This is regarding Proposition 3.14 of Atiyah and Macdonald. It says that if $M$ is a finite $R$ module then the formation of localization and annihilators commute. This is well known, and the proof is clear. But I cannot find where the mistake in the proof below is and the proof below does not require $M$ to be finitely generated, so there is an error.

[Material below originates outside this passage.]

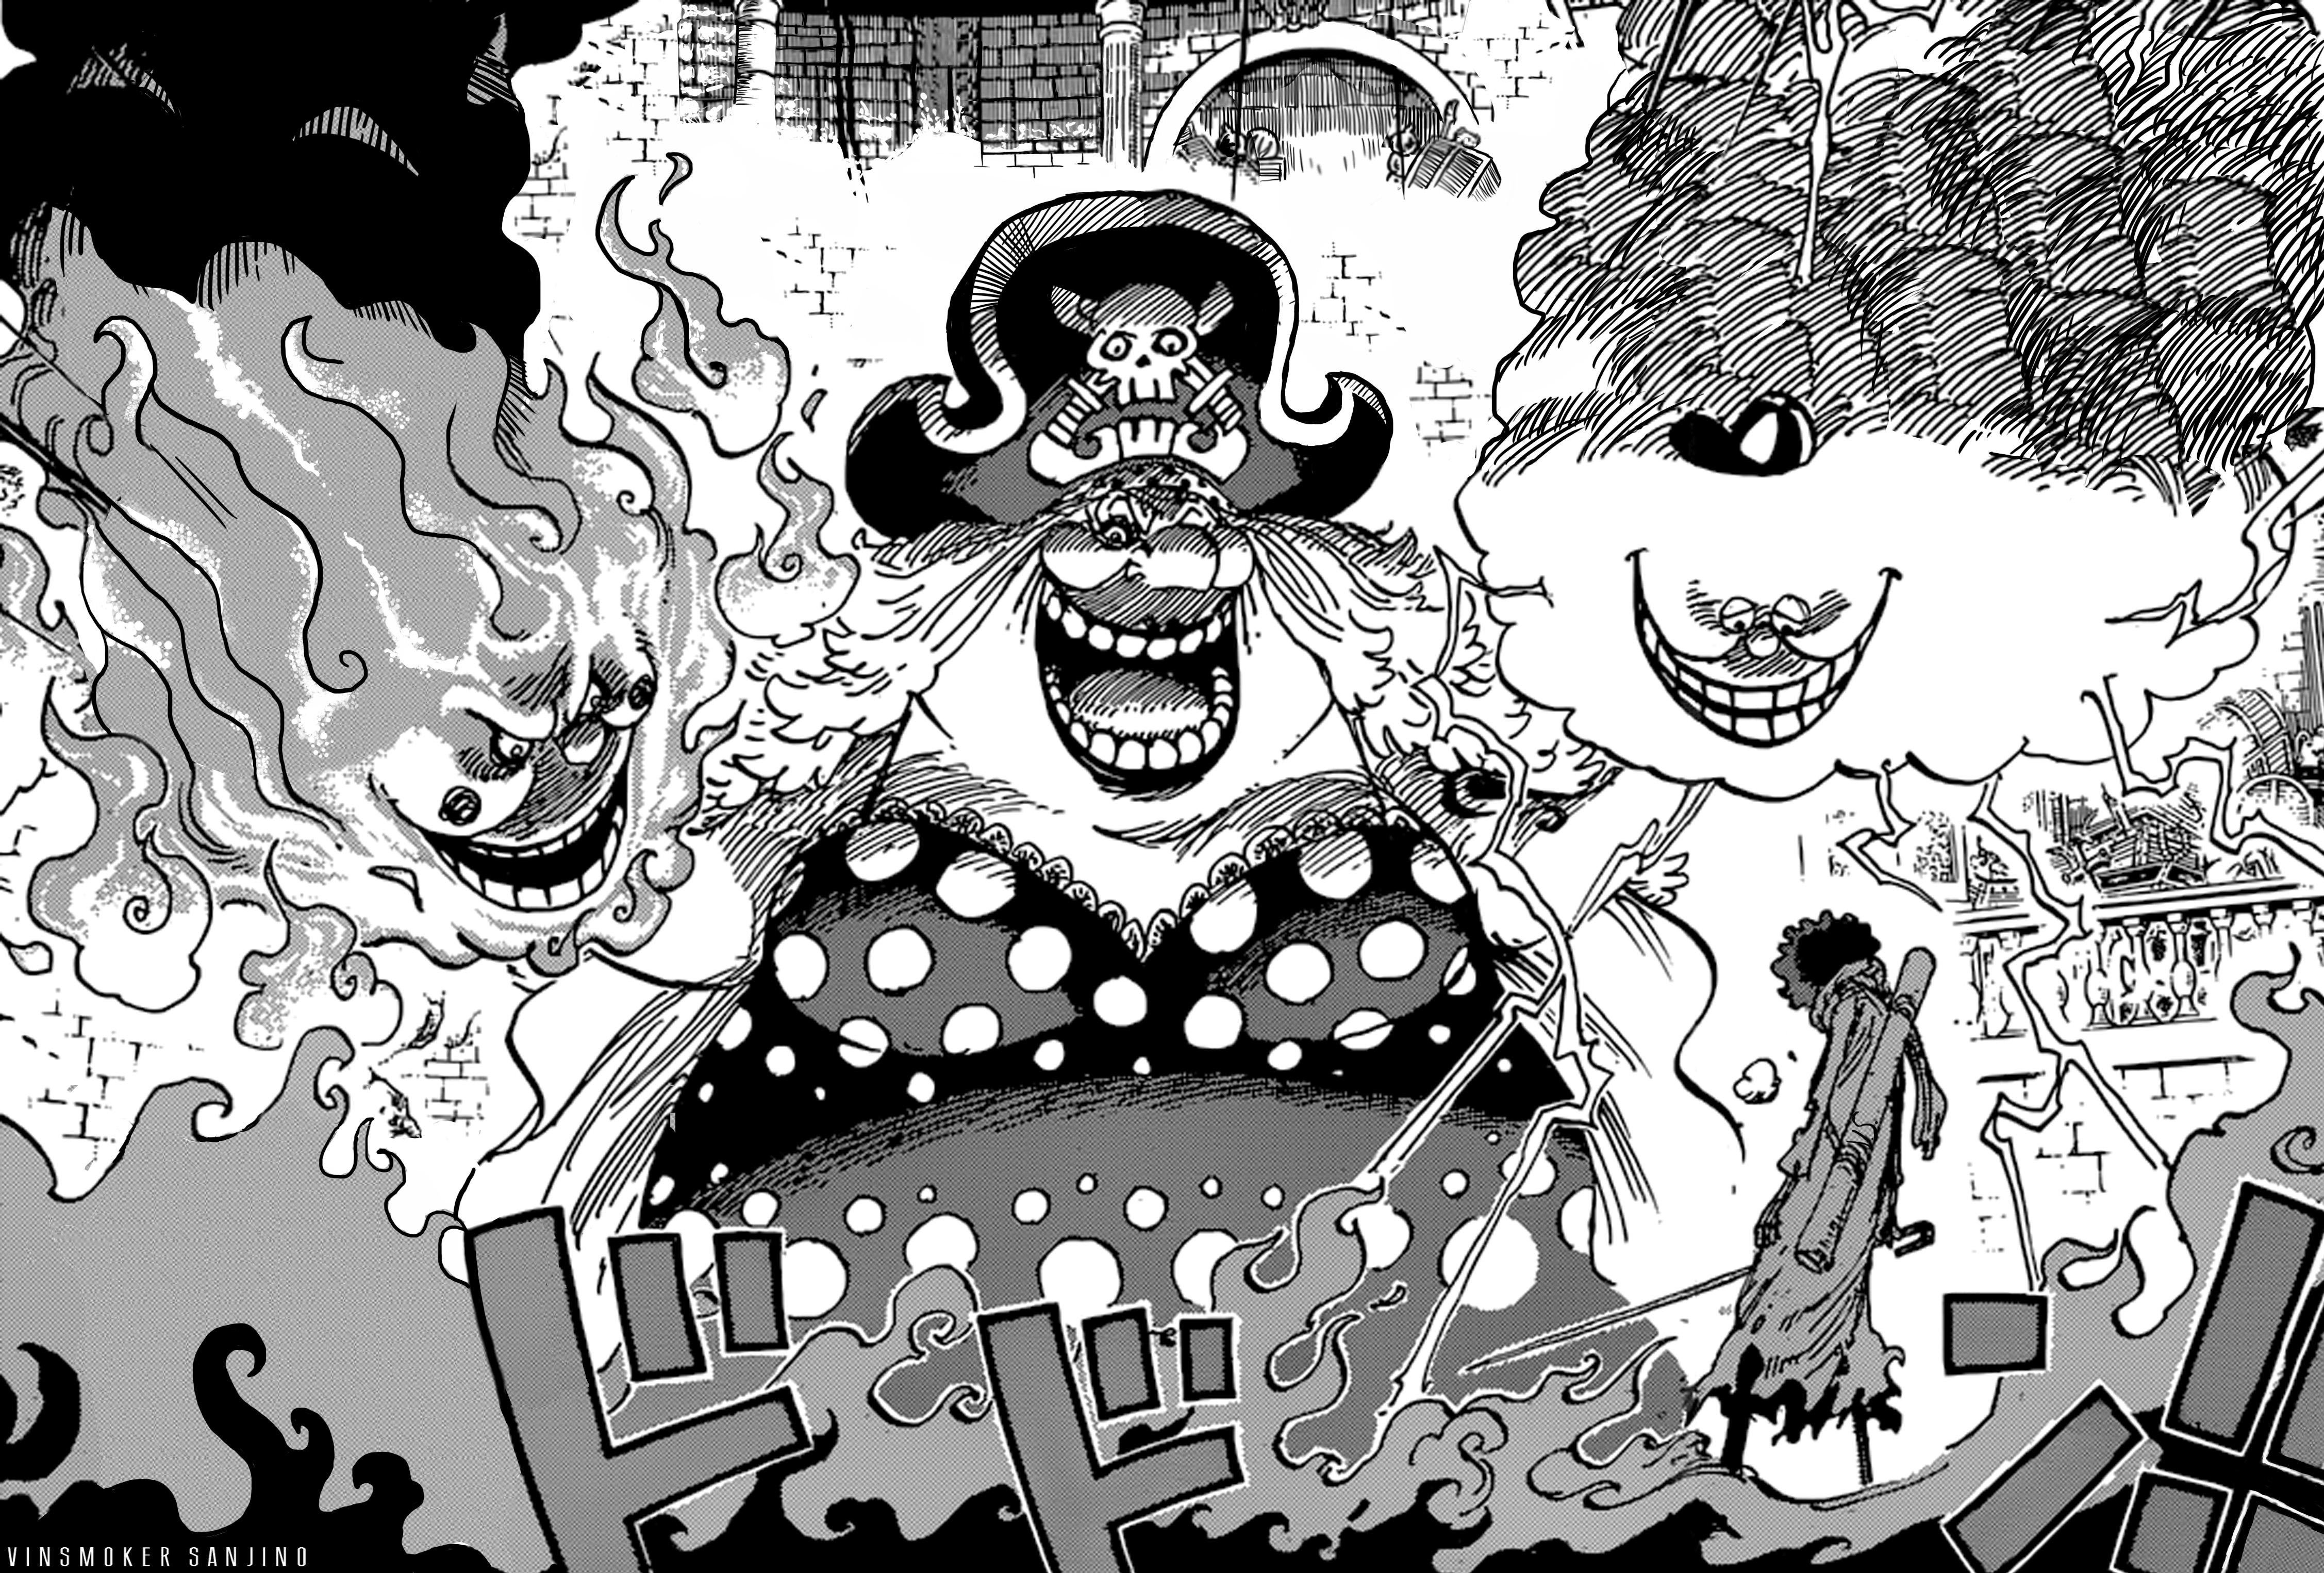 Brook One Piece Manga Wallpapers - Wallpaper Cave

Let $r/s \in Ann(S^{-1}M)$. Thus $r/s.m/t=rm/st=0$, which implies that $urm=0$ for some $u\in S$. So $ru\in Ann(M)$. Hence $r/s=ru/su\in S^{-1}(Ann M)$, which shows that $Ann(S^{-1}M)\subseteq S^{-1}(Ann M)$.

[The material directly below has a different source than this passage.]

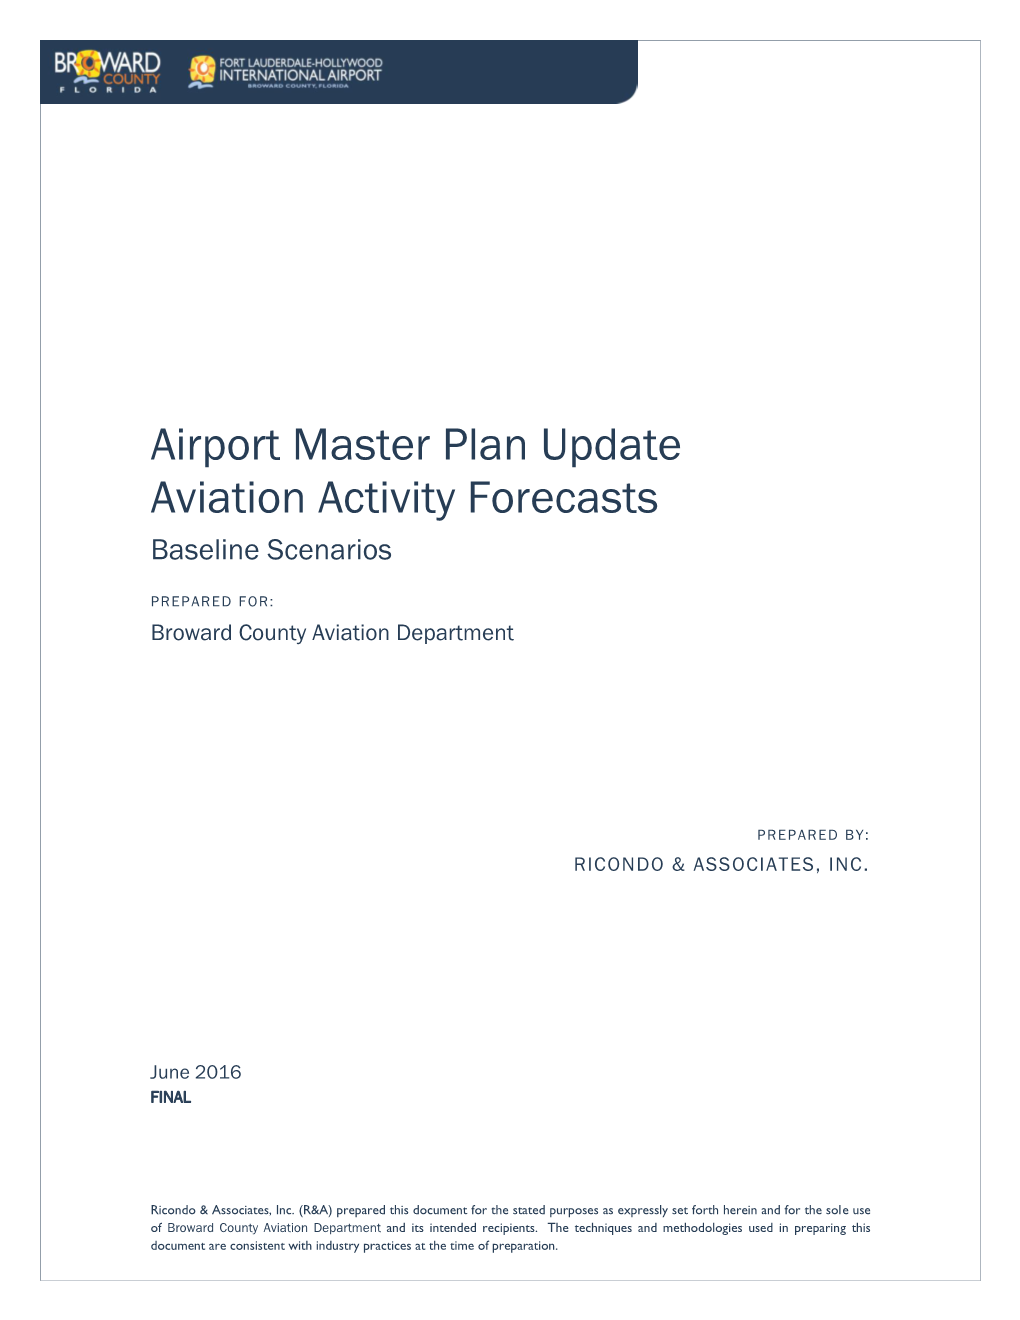 Airport Master Plan Update Aviation Activity Forecasts Baseline Scenarios

Conversely, let $r/s\in S^{-1}(Ann M)$, where $r\in Ann M$. Consider $m/t\in S^{-1}M$. Note that $r/s.m/t=rm/st=0$. Hence $r/s\in Ann(S^{-1}M)$.
Where is the error? Thanks.
Just to remove this from the unanswered list, here I write down the proof suggested by Darij Grinberg.
Let $M$ be generated by $m_1,\ldots, m_t$. By the first part of the above faulty proof, there is a $u_i\in S$ such that $u_irm_i=0$ for all $1\leq i\leq t$. Thus $ru_i\in Ann(m_i)$ for all $1\leq i\leq t$. Set $u=u_1\cdots u_t$. Note that $ru\in \bigcap_{i=1}^t Ann\; m_i=Ann M$. Note that $r/s=ru/su\in S^{-1}(Ann M)$.